Crucially, that layer also gives forwarders more flexibility, he explains. “It helps them control their own destiny because it lets people separate the connections from the core system.”
In other words, while integration alone won’t drive a TMS switch, it lowers the barriers to change, and makes hybrid or multi-system environments more viable.
That matters in the context of the current CargoWise debate, but Mr Glick is cautious about overstating its immediate impact.
“Was there a swell of people who, the first day, cancelled their CargoWise contracts and switched TMS? Absolutely not,” he says.
Large-scale system changes remain rare for a reason.
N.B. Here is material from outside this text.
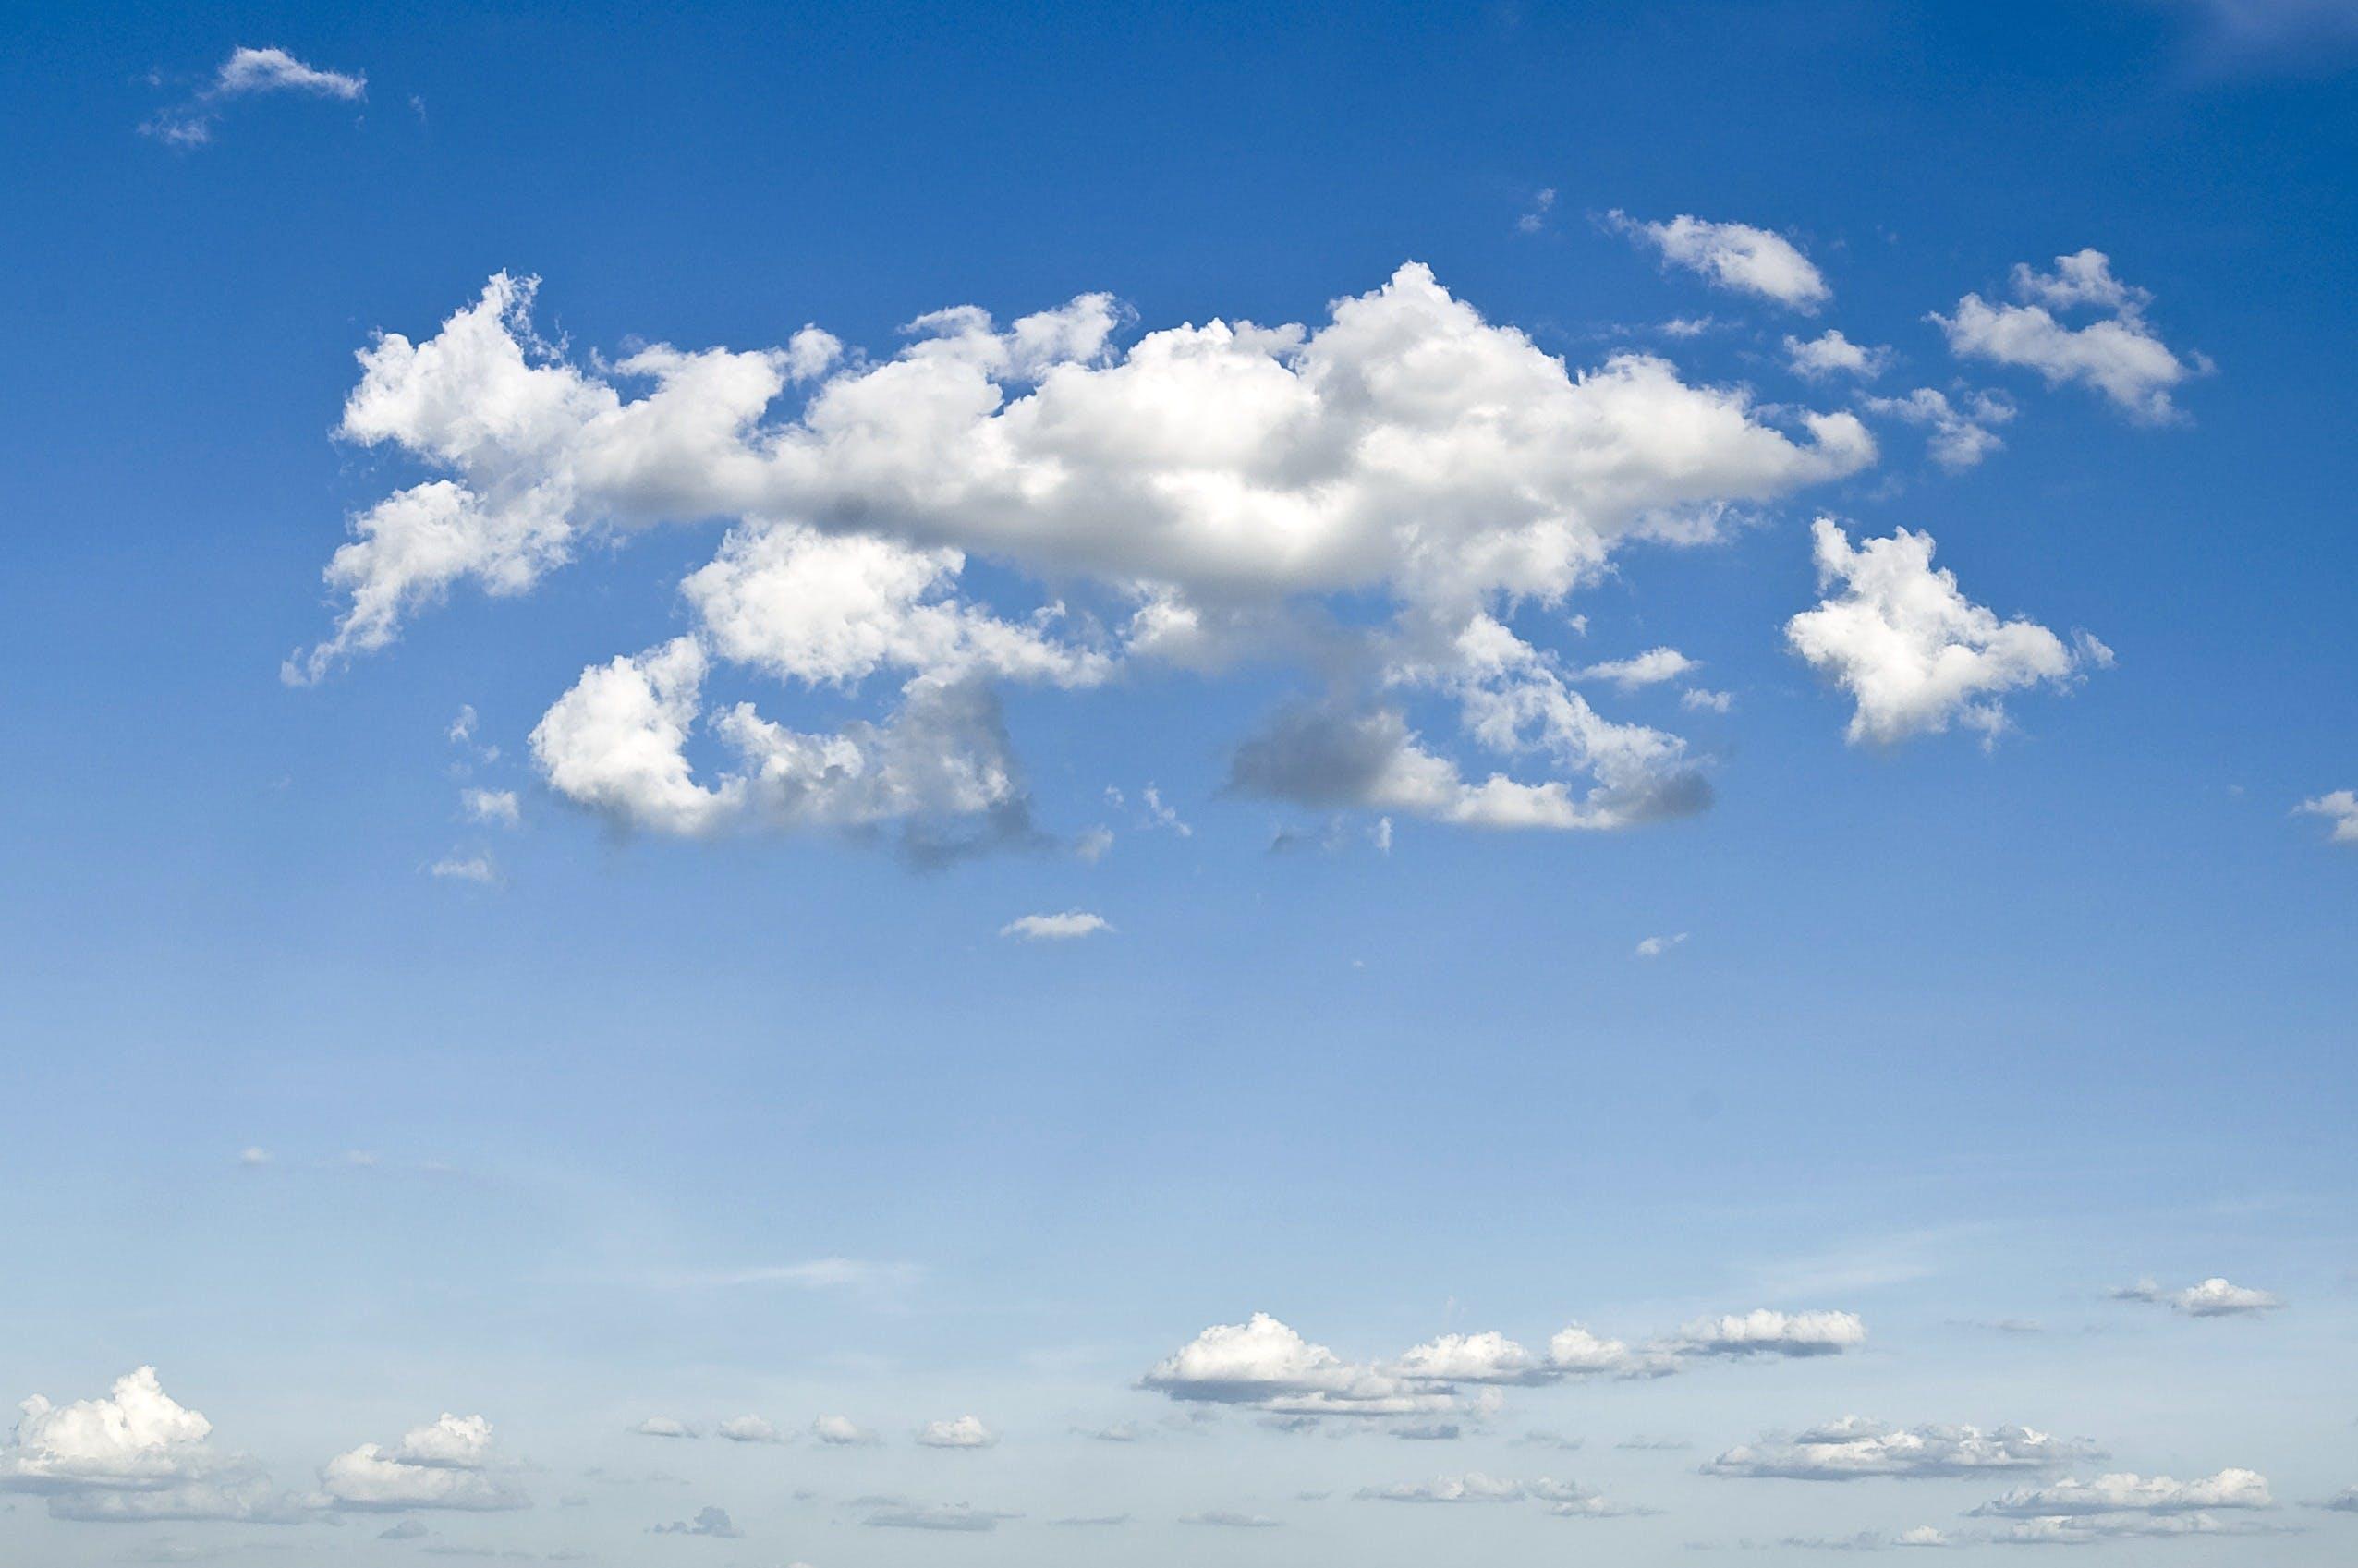 Fotobanka sbezplatnými fotkami na tému HD tapeta, mraky, obloha, oblohy

“If the only reason you’re going to make a huge technology change… is because of the money, you’re probably going to struggle,” he adds. “It is ripping out the brain of your company and putting in a new brain.”
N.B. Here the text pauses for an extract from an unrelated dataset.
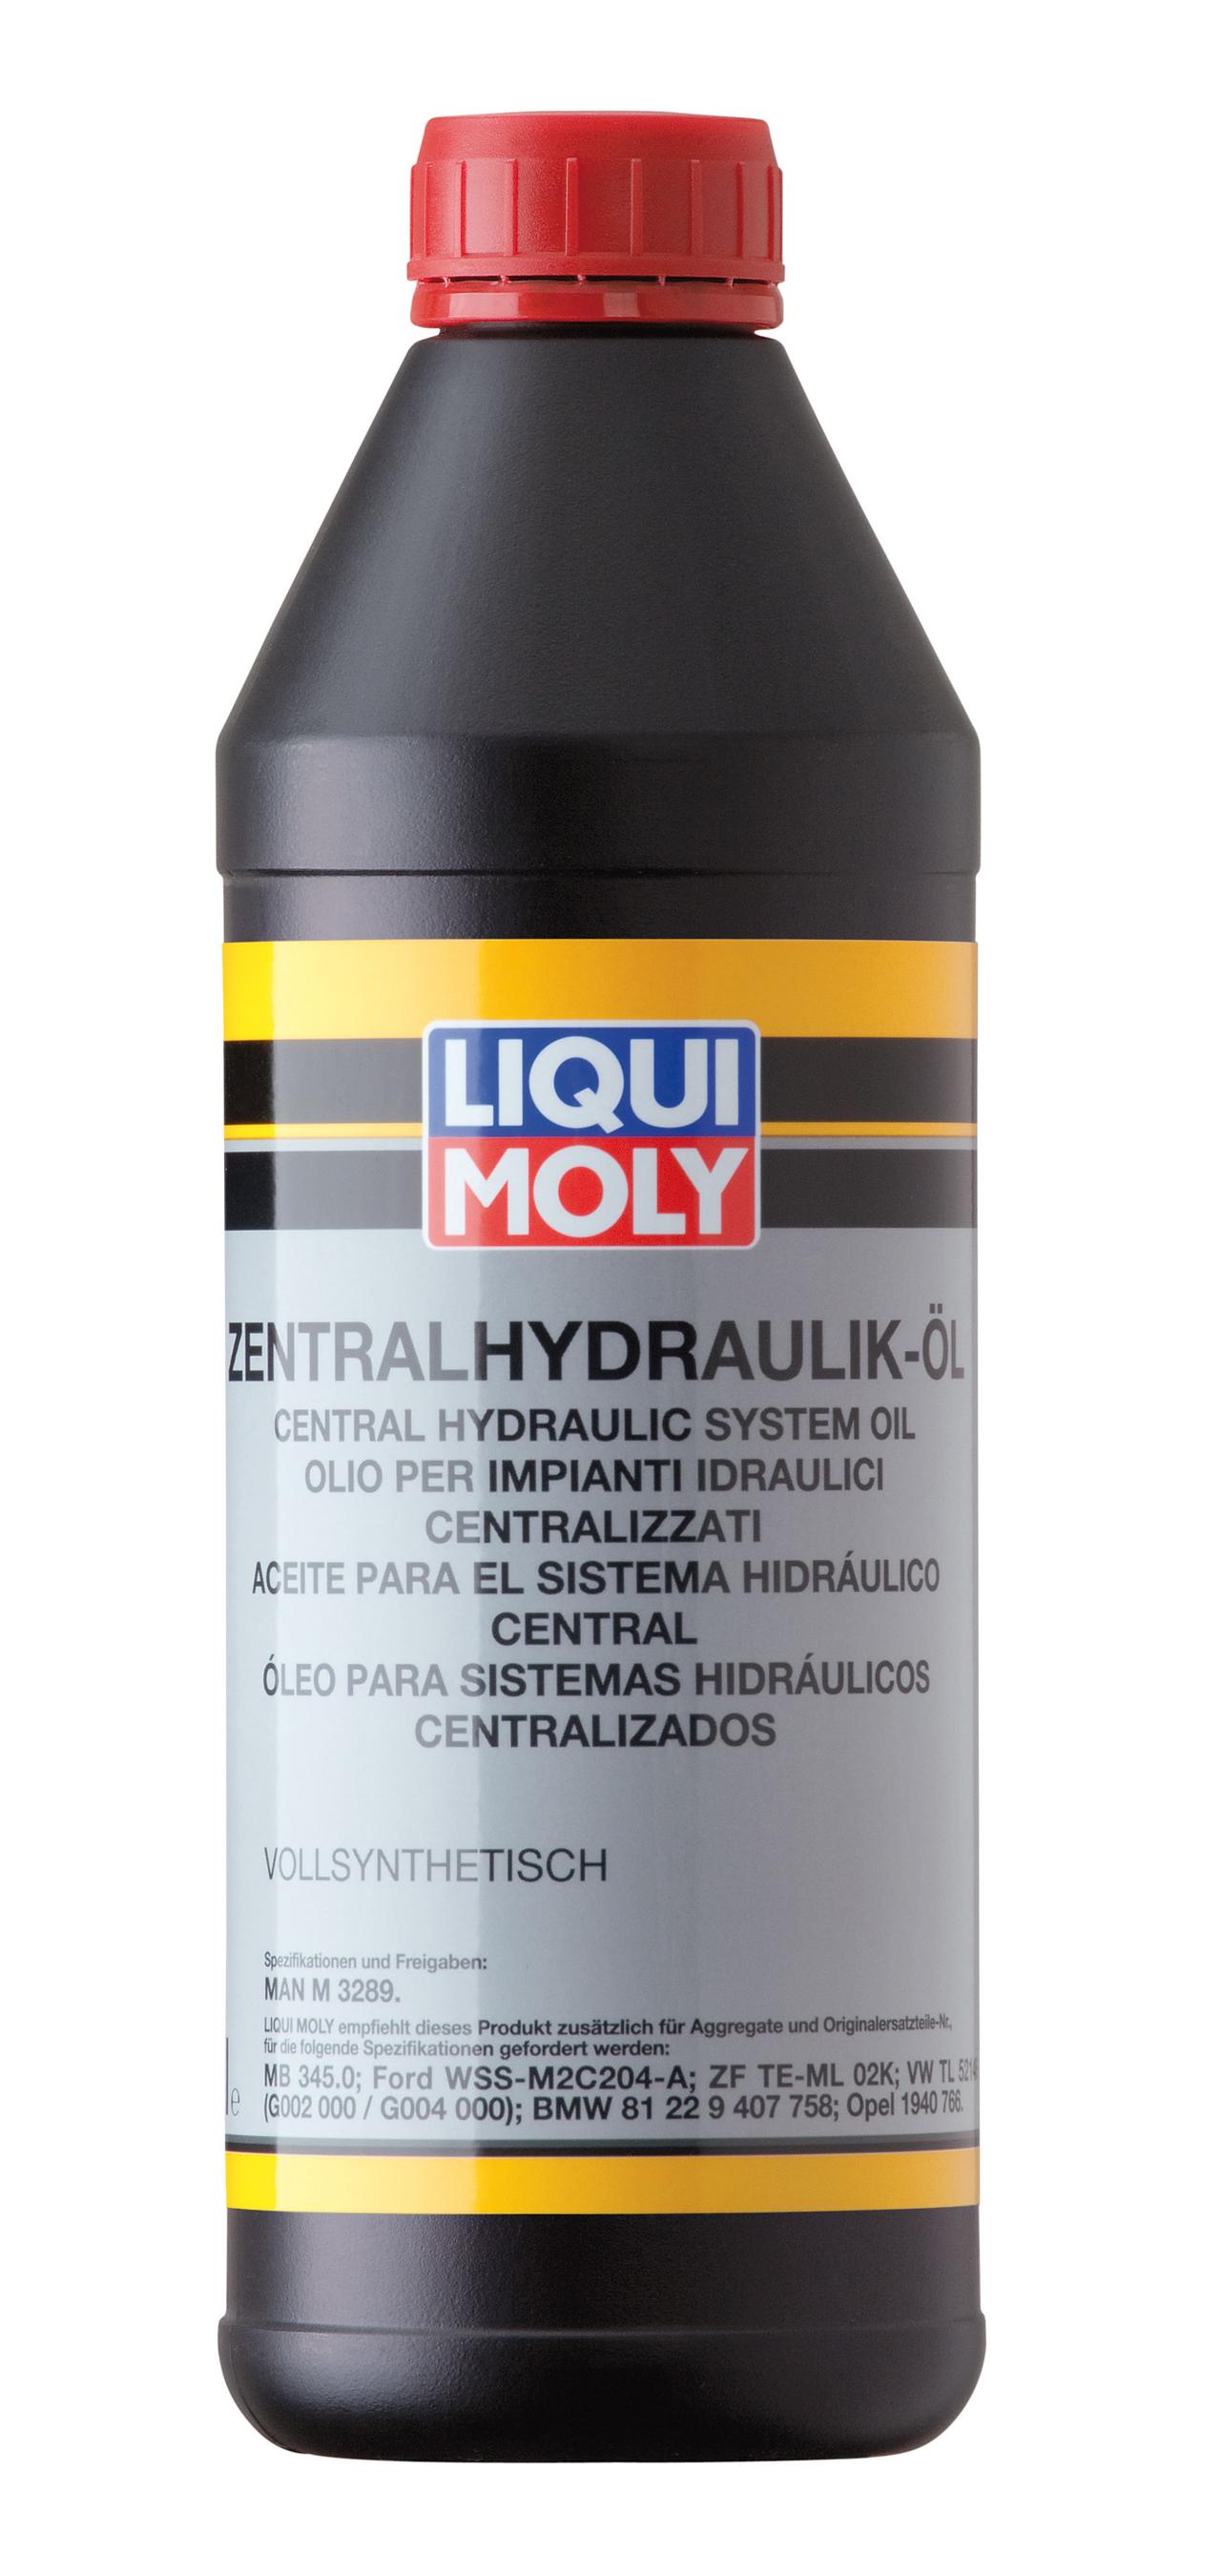 Liqui Moly Zentralhydraulik-Öl 1 Liter Bild 1

Instead, decisions around core systems tend to play out over years, even decades.
“These are three-, five-, 10-, 20-year decisions… we’ll know the answer to this in 2030.”
For most forwarders, then, the real question is not whether to switch, but how to evolve.
Looking ahead, Mr Glick suggests the industry may be overestimating the long-term centrality of the TMS itself.
“For 5,000 years, we shipped without a TMS,” he notes. “We’re all kind of from this assumption that the TMS runs the business… I don’t know that that’s what the future looks like.”
Instead, he points to a more decentralised, AI-driven model – one in which individual shipments are managed dynamically, rather than forced through standardised workflows.
“I think the next thing is going to look a lot less like centralised command and control,” he says, “and much more… each shipment being managed by an AI agent-type system.”
That would mark a fundamental shift from today’s approach, where TMS platforms are built around consistency and process.
“The idea of everything is an assembly line and every shipment is the same is what a TMS is built [on],” he explains. “In the AI world, every shipment is going to be unique and managed in a way that’s appropriate for that shipment.”
Early signs of this shift are emerging, but only in fragments.
“I am seeing these very kind of lurchy starts by a lot of startups to attack very little pieces of it,” he says. “We’ve yet to see anyone who has really gone after the end-to-end orchestration of the shipment.”
The key question is whether incumbent TMS providers will evolve fast enough – or whether disruption will come from outside.
“That’s the big arms race right now.”
If that vision plays out, integration – back-office plumbing – becomes central to competitive advantage.
“As shippers want more and more data… that is your interface to that company,” Mr Glick says. “If you’re not good at that, you can’t compete.”
He points to growing demands for granular visibility, with one shipper requesting “something like 75 milestones per shipment”.
At that level, integration is no longer just about connectivity, but about customer experience and value creation.
“If all you do is move their boxes, your margins are next to nothing,” he says. “If you can provide the value-added services… then you’re a partner.”
In that context, the current focus on pricing models and vendor choice may prove to be a sideshow.
The more consequential shift is structural: from monolithic systems to interconnected ecosystems, and ultimately to more autonomous, AI-driven operations.
Mr Glick’s own ambition reflects that trajectory – and his view of where value will sit.
“My non-modest goal… is for Chain.io to be as boring in supply chain as Mastercard is in finance,” he says. “That it’s just, ‘we send the data… and it goes to where it needs to go’.”
For an industry used to debating platforms, that may be an uncomfortable idea.
But if he is right, the winners of the next decade may not be those asking which system to choose, but those asking what comes after the system altogether.